Nylon bristle scrubbing brush.
The harder and slower method.
You can putty up with your thumb if you like but it will take about 3-4 times, maybe even longer than using a brush. If you do choose to do it this way don’t reduce it down by mixing turps into it, use it straight from the tub after kneading it a bit. The reason for mixing turps into the putty is to be able to brush it in, without turps it would be too stiff to use straight from the tub.
After puttying, using either method and using a picker, run round the edges of the leads removing excess putty and making the putty square. Do this BEFORE dusting off with the casting plaster for the clean up, forgetting this step isn’t serious; it just makes the job a little harder. Make a picker by knocking a 30mm. nail in the end of a dowel, leaving the head proud by 10-15mm. Cut the head off and file smooth, rounding off the edges so as not to scratch the glass. DO NOT USE YOUR LEAD SNIPS.

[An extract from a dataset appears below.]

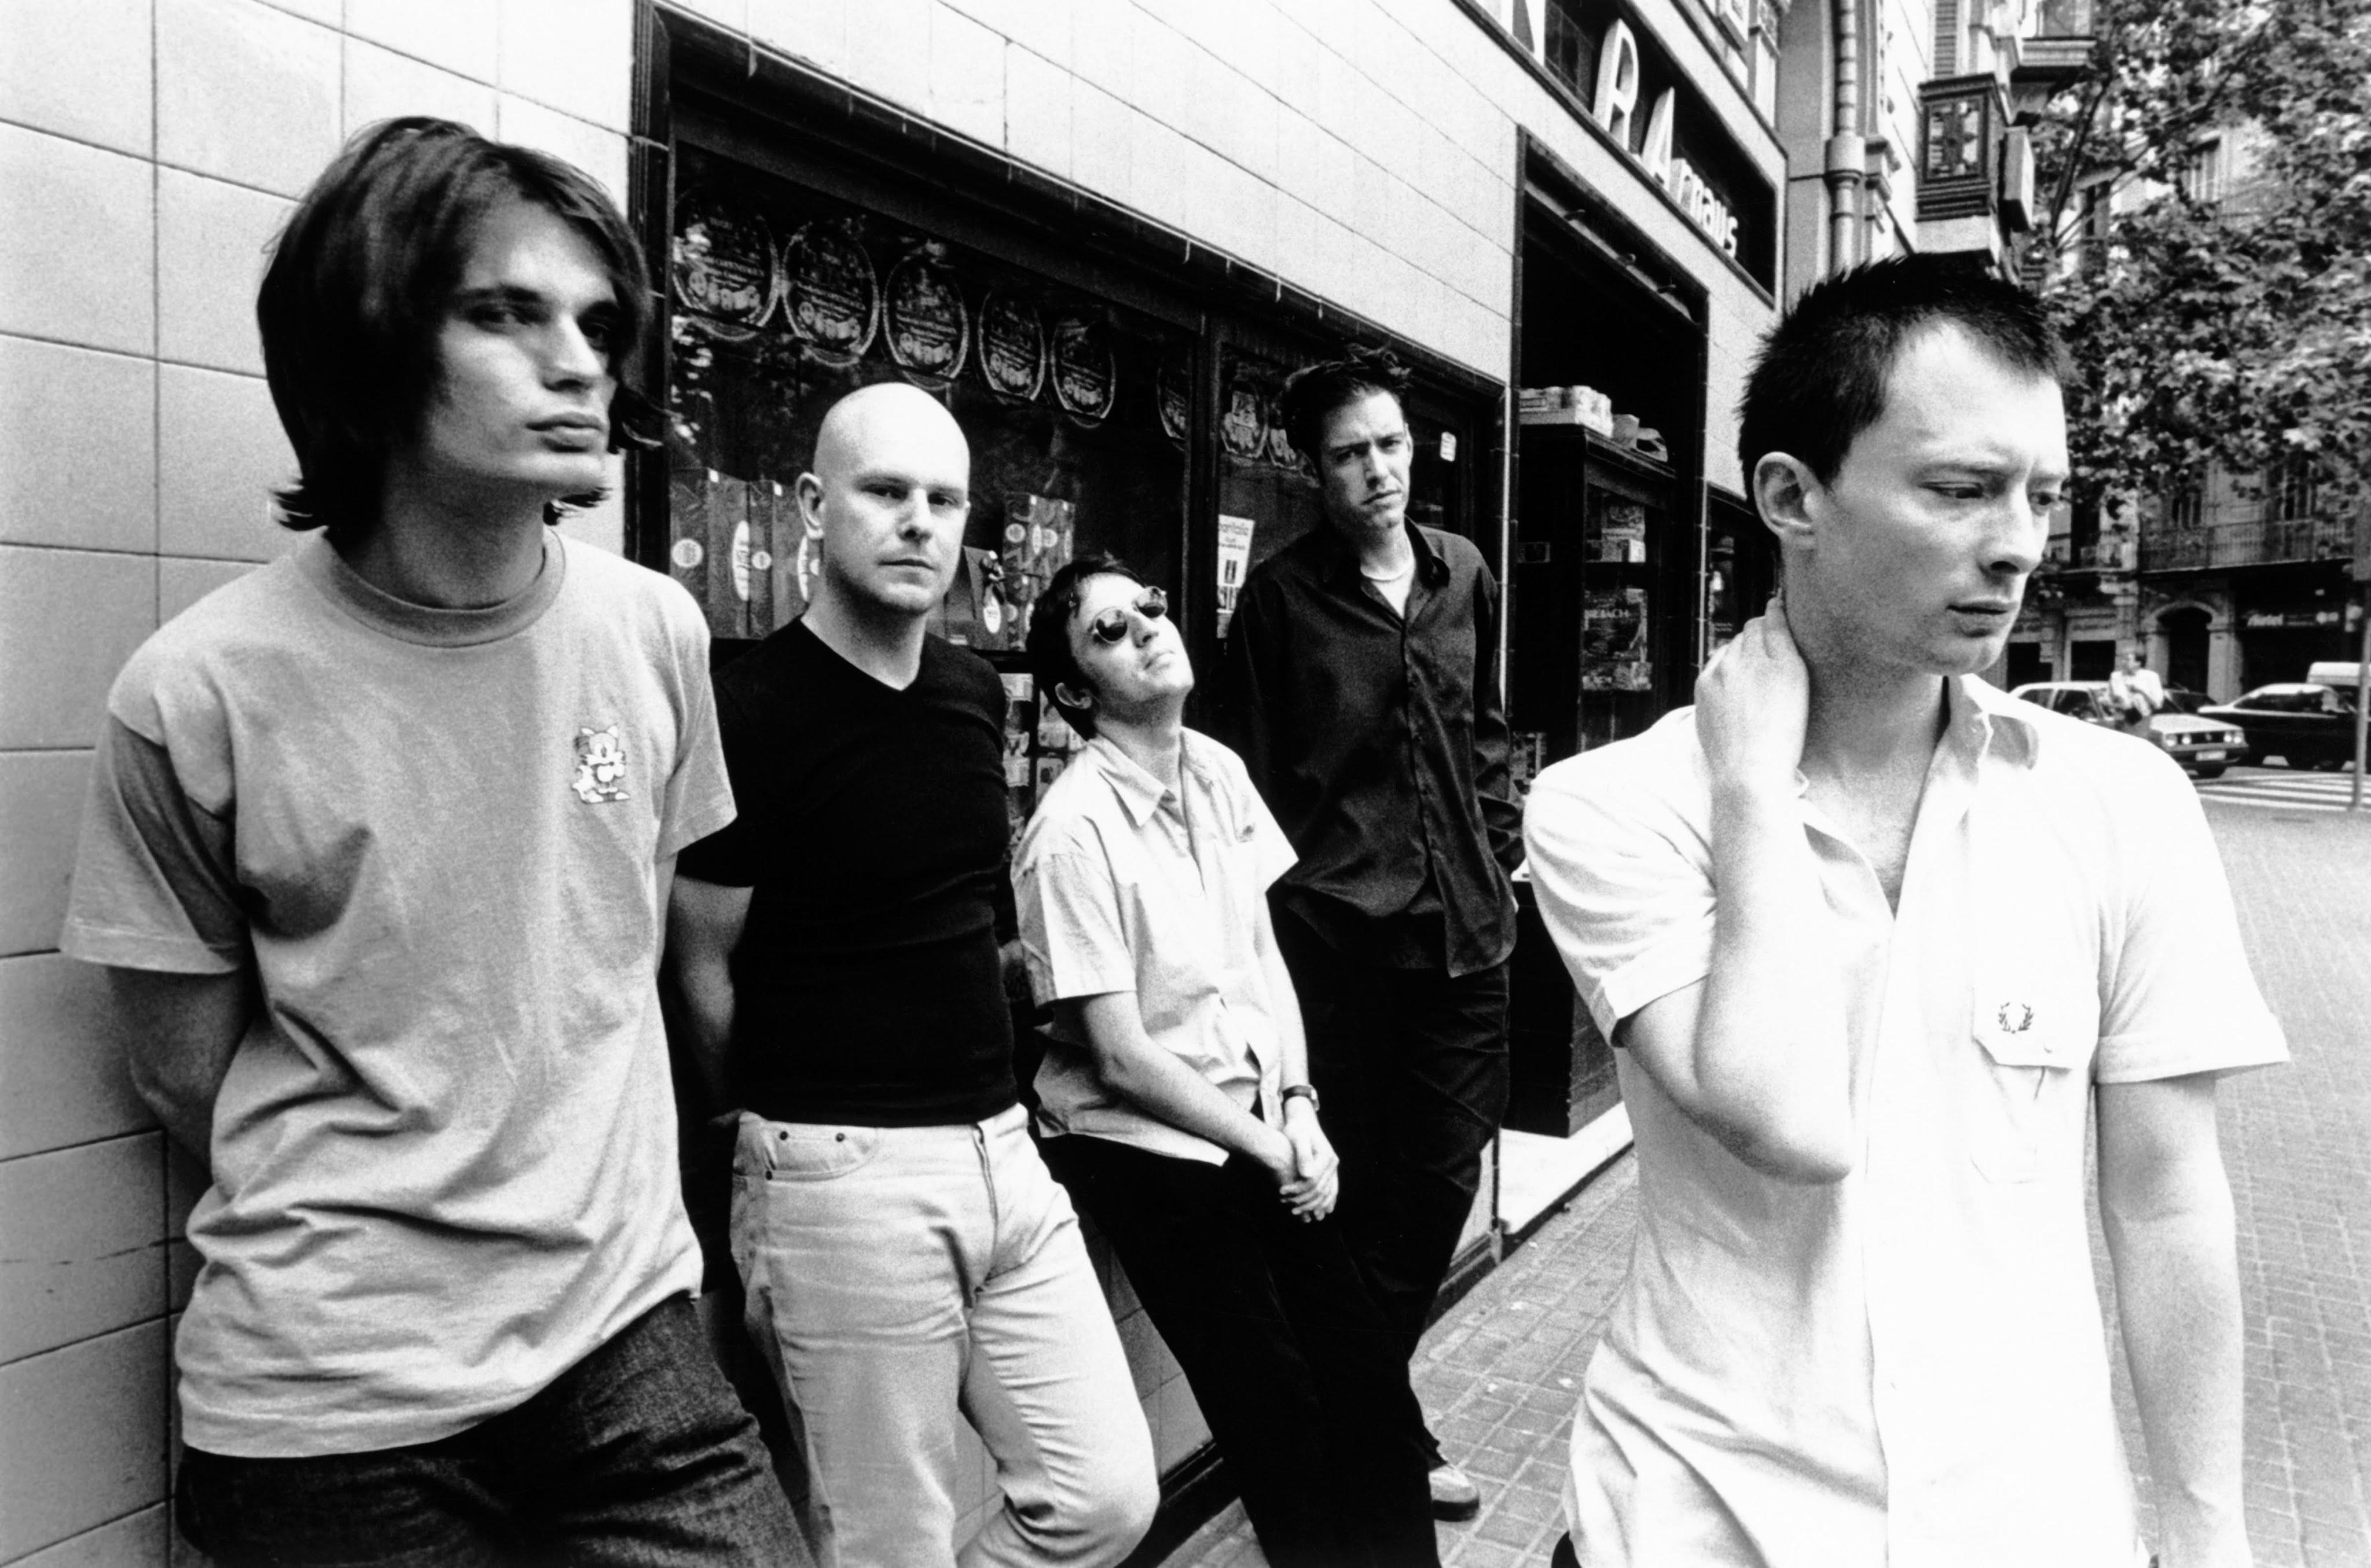 Radiohead Hd Wallpapers 7wallpapers Net
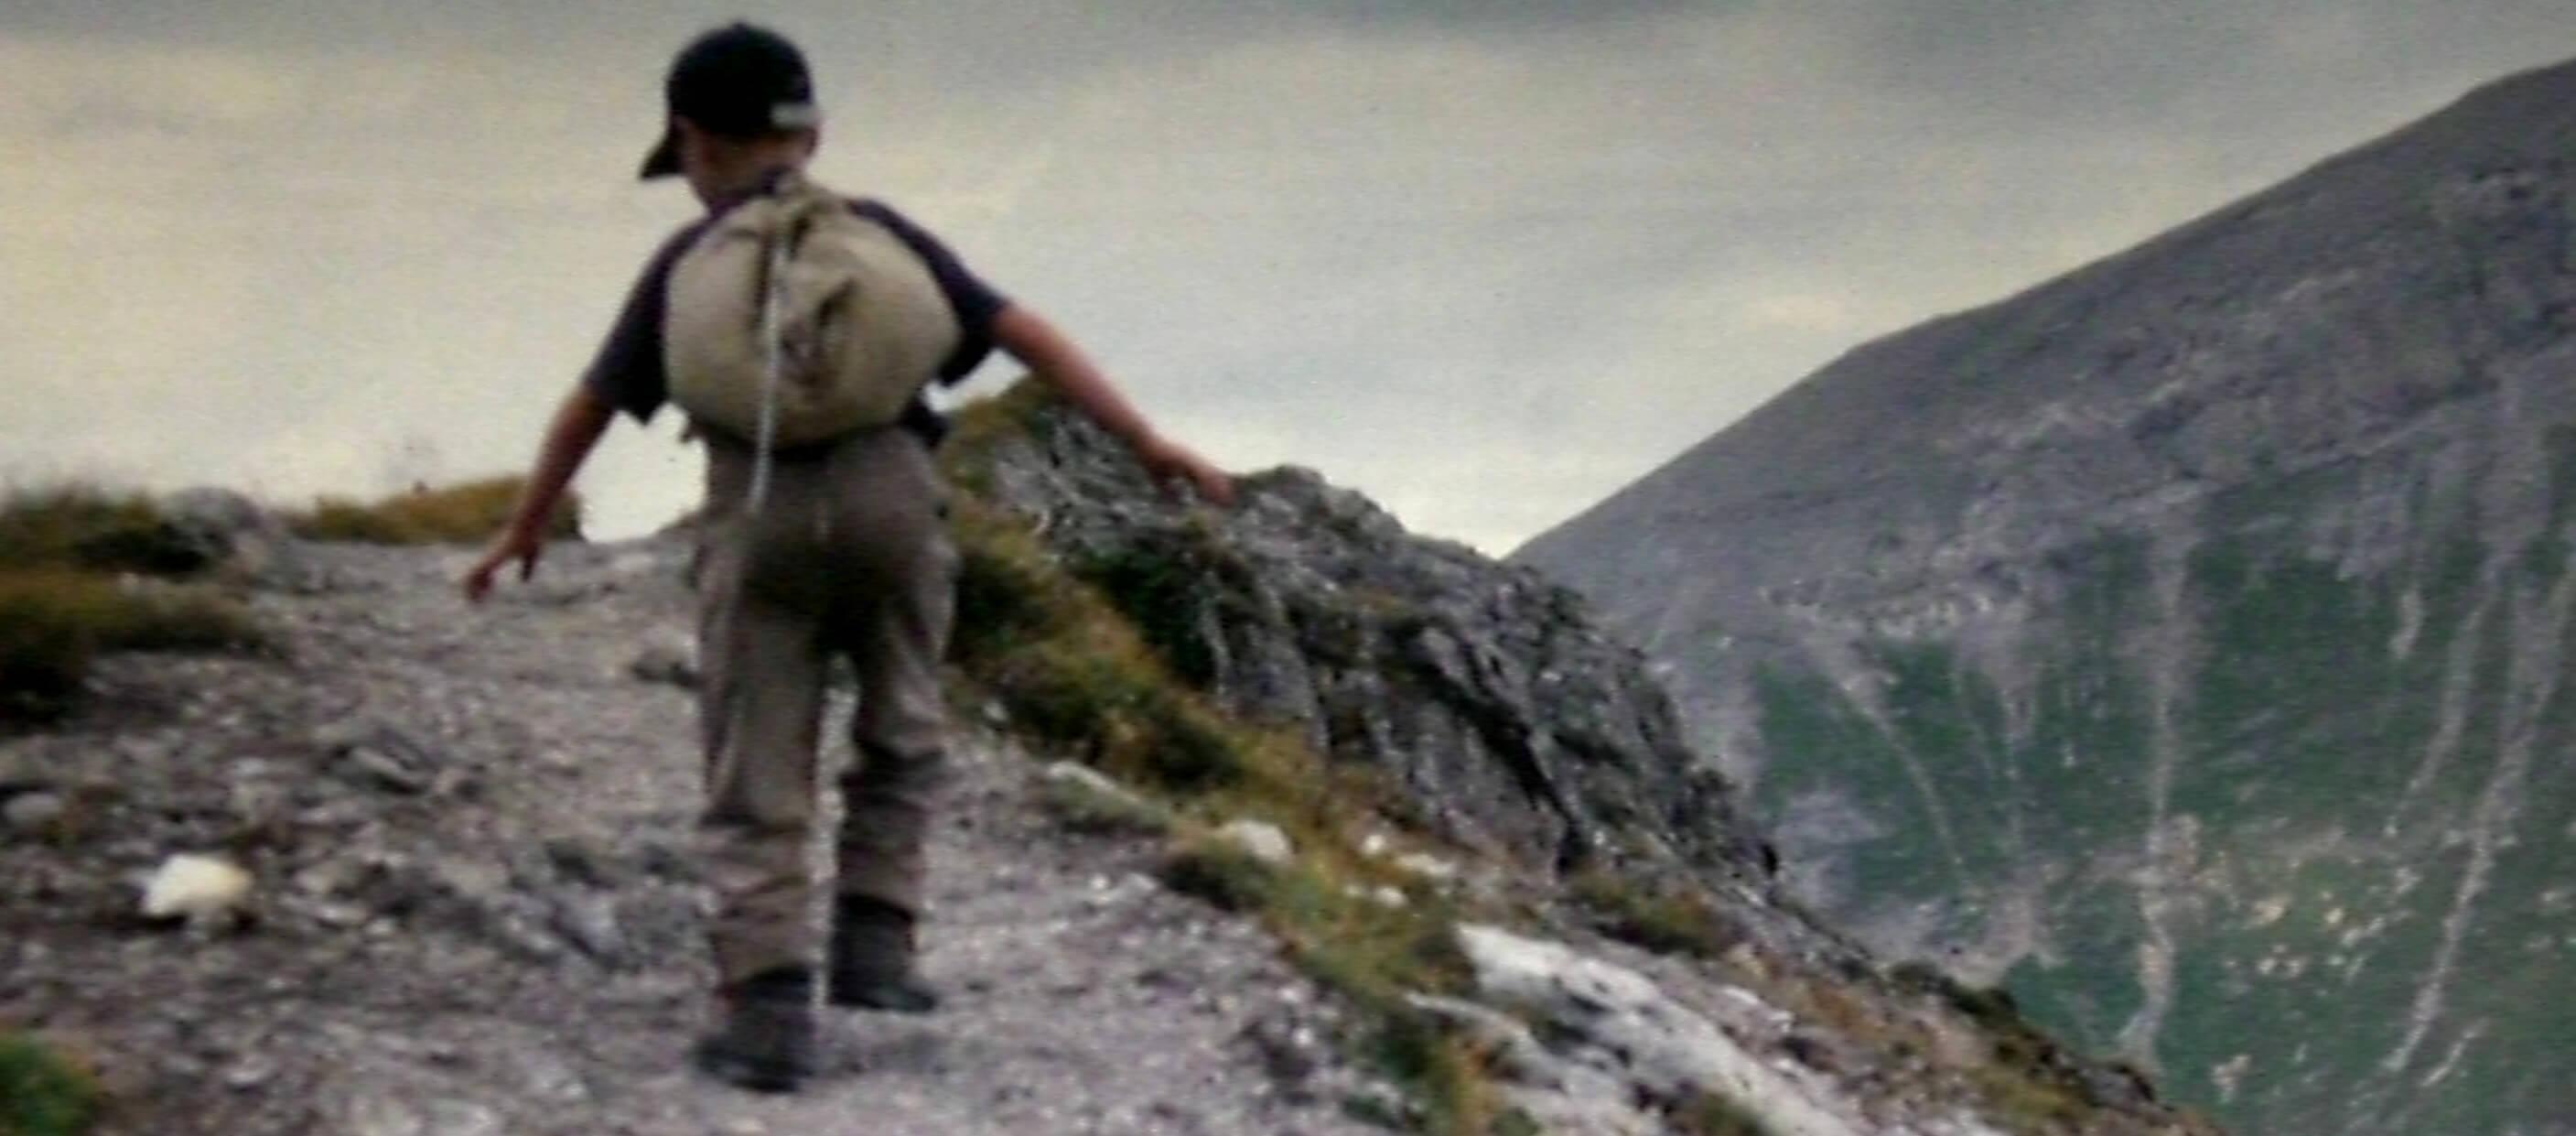 bergschuhe-trekkingschuhe-kinder-wandern

Sprinkle casting plaster liberally over the leadlight and using another scrubbing brush, the ‘dry’ brush, (you need 2 the same) vigorously scrub to clean the glass and lead. As you scrub the casting plaster, it is also being forced into the putty, which helps the putty to set quicker. I usually run around with the picker again just to make sure there are no little ragged pieces of putty showing on the glass before brushing off excess powder to save for the second side, then vacuum clean. Some people use whiting powder for this job, which is ok but it's more expensive than casting plaster (plaster of paris) that does the same job and you buy it from hardware stores. (Putty MUST be cleaned up while still wet, which is certainly the case for both sides but more so on the textured side. Try not to have any interruptions except emergencies, as it will be very difficult to clean if allowed to set.)
Sometimes interruptions are unavoidable and I had a question from a lady who had this mishap where she was called away for a week. She managed to get most of the putty cleaned up by scraping the glass with a bamboo skewer. In the most severe case I would suggest to liberally flood the leadlight with either kerosene or turps, leave it for a while to soak and soften the putty and then vigorously scrub with the 'wet brush' to get the remainder off. Of course, you will need to follow up with the casting plaster. The best you can do IS the best you can do.
Putty and clean one side, then leave it for at least three days. This gives the putty a chance to harden up a little, reducing the possibility of the putty pumping out, if both sides were done the same day. Total curing time for the putty is from 8 to 12 weeks depending on the seasonal temperatures.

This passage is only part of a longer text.